Election violence occurs in a complex system of social, economic, political and security dynamics, involving a networks of relationships between a wide range of individuals and organizations. Therefore, to effectively mitigate election-related violence, practitioners must understand their position within these networks, and leverage the strengths, expertise and connections they provide.

With support from the United States Institute of Peace, we conducted research to develop a proof-of-concept in Nigeria that would demonstrate how practitioners can optimize their election mitigation efforts.
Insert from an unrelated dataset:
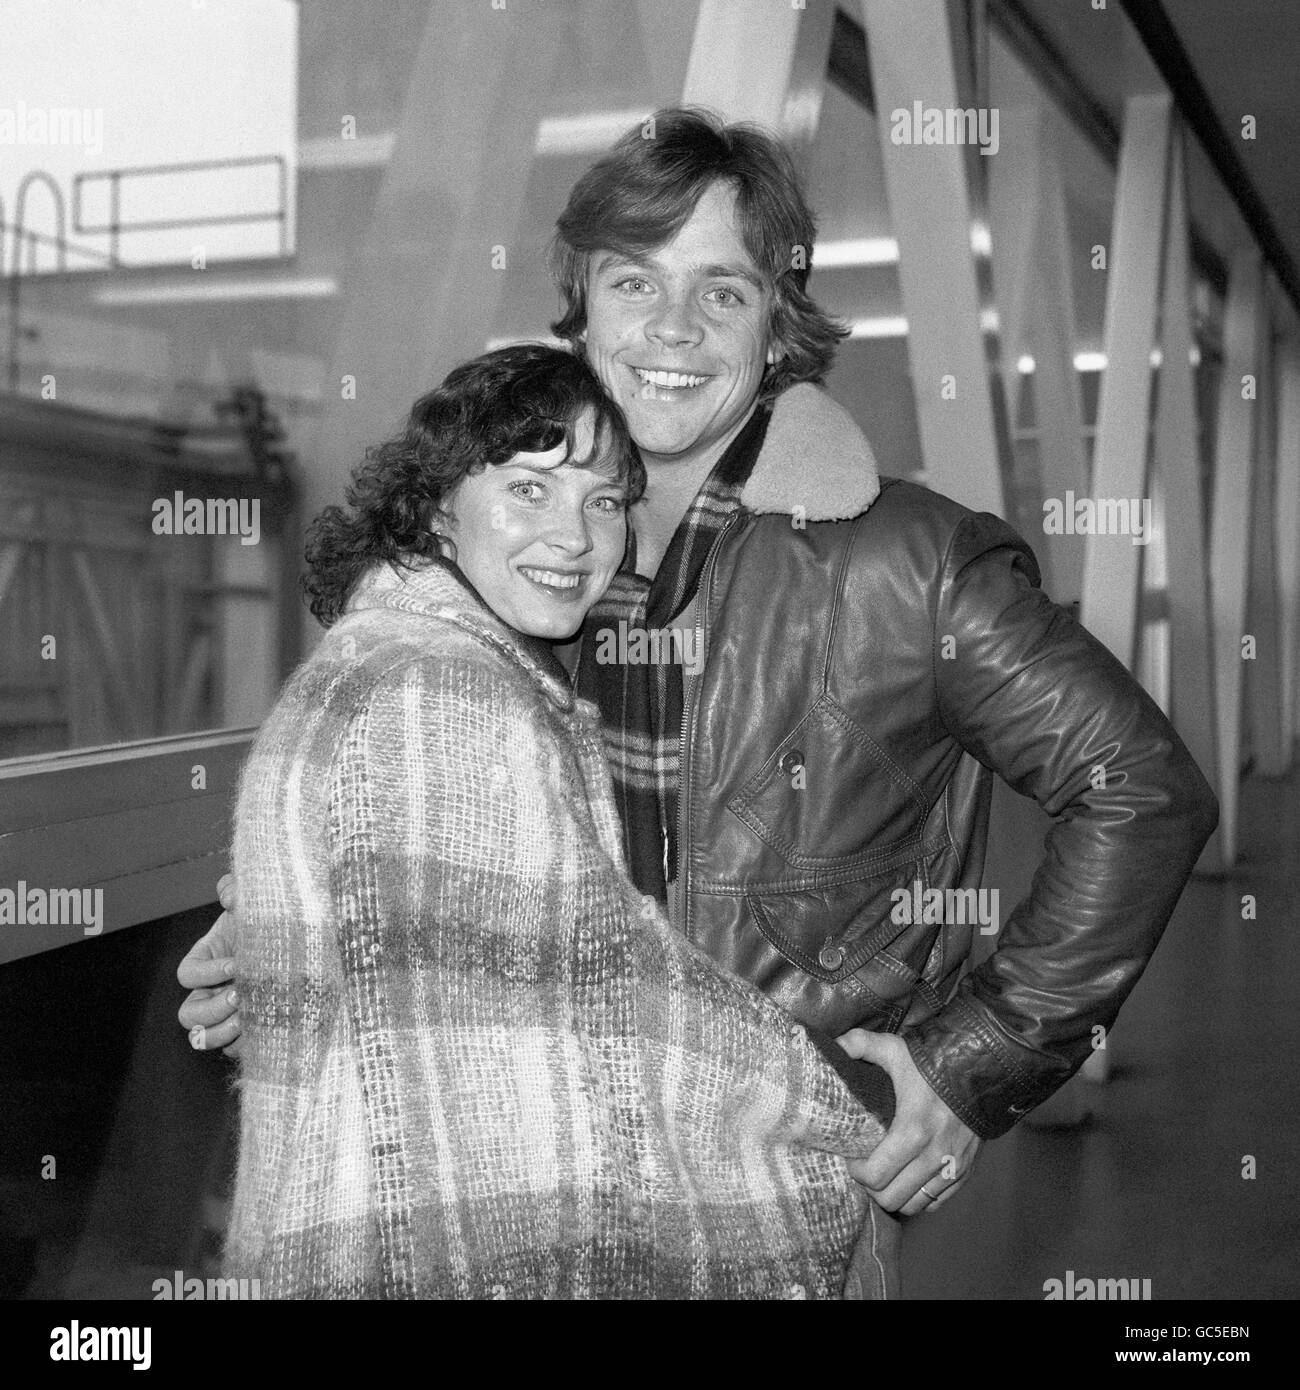 Mark Hamill, Luke Skywalker in Star Wars, am Flughafen Heathrow mit seiner Frau Marilou. Hamill war in London, um die Arbeit an der Star Wars-Fortsetzung The Empire Strikes Back zu beginnen. Stockfoto

For example, by using innovative technology and methods such as GIS/Crisis Mapping and Stakeholder Network Analysis, practitioners can:

  1. Identify leverage points, spheres of influence, and social capital that can be tapped into for broader impact at the strategic level
  2. Increase the impact of specific peacebuilding interventions and activities by ensuring that the right combination of stakeholders are “in the room”
  3. Assess gaps in the network that can and should be filled at the broader strategic level, or the activity/intervention level

This project included quantitative analysis, key informant interviews with stakeholders in the field, as well as applied learning so that networks in Nigeria can use the findings for better early warning and preventative response. Best practices and lessons learned were applied in the field for the prevention of Gubernatorial election violence in Bayelsa, Ondo, and Edo States.